BERLIN — One of Daniel Barenboim’s visions for classical music, Berlin and the Middle East was achieved Thursday night when the Barenboim-Said Academy, named for the maestro and the Palestinian-American intellectual Edward Said, opened in the historic heart of the German capital.
Mr. Barenboim and Mr. Said, who taught for many years at Columbia University, founded the West-Eastern Divan Orchestra, a project uniting Israeli and Arab musicians, in Weimar in 1999.
They then set about raising funds for an academy that would offer music students from all over the Middle East training in classical music and philosophy, and other instruction in the arts.
Mr. Barenboim, 74, who spearheaded the effort after Mr. Said died in 2003 and is also the musical director of Berlin’s State Opera, himself seemed a little stunned by Thursday’s opening.
“I’m sure you will believe me if I tell you that I once felt this day would never happen,” he said. The academy currently has just under 40 students, a total that is set to rise to 90 by the academic year 2018-19.
The German culture ministry provided two-thirds of the 35-million euro construction costs (about $37 million) for the academy — with the remainder coming from private sponsors. The building contains a brand new concert hall, designed pro bono by Frank Gehry and named after Pierre Boulez, an avid supporter of the idea and a good friend of Mr.
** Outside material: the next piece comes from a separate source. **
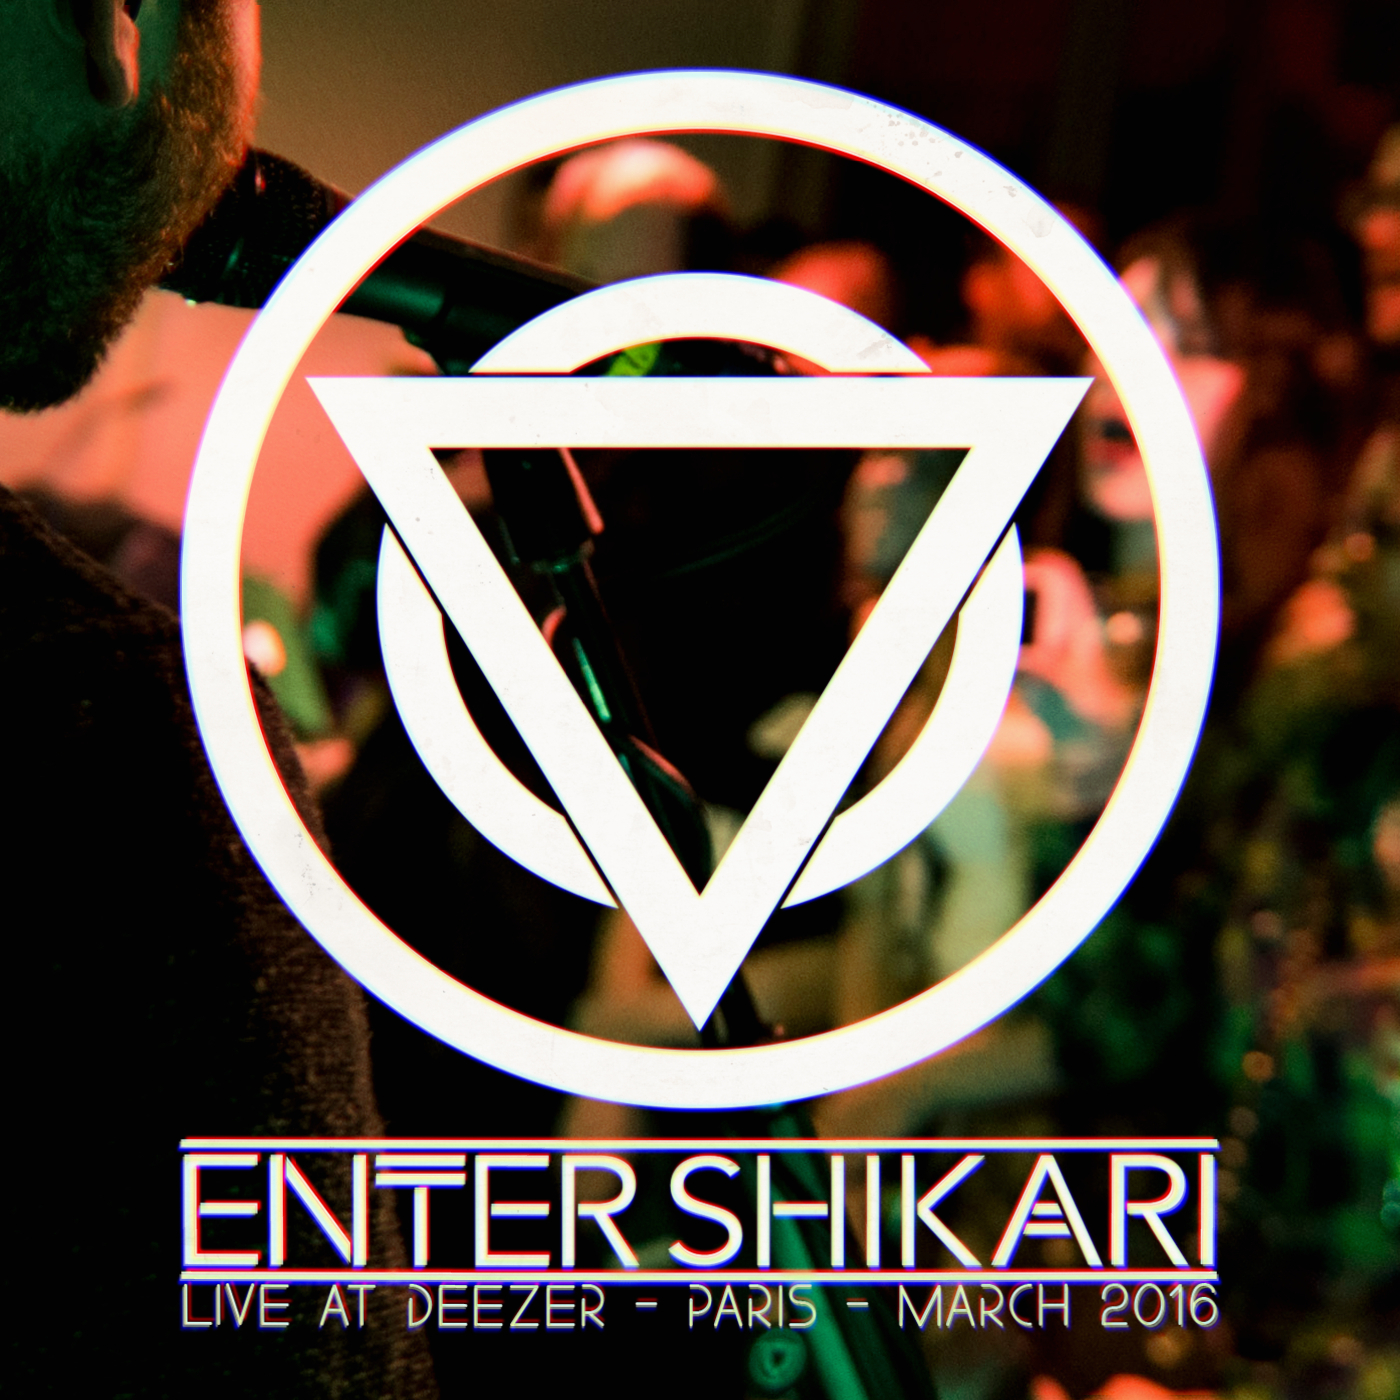 Enter Shikari - Enter Shikari live at Deezer (2016)

Barenboim.
Mr. Barenboim surprised the invited audience of some 400 by effectively inaugurating the hall, conducting a brief, unannounced concert by West-Eastern Divan Orchestra musicians, who played Haydn and Mozart.
Now for his next big goal: to conduct the first opera in the State Opera building that is just a few hundred yards from the new academy. In a city notorious for delays on its major construction projects, extensive renovations started in 2010. The reopening is now scheduled for Oct. 3.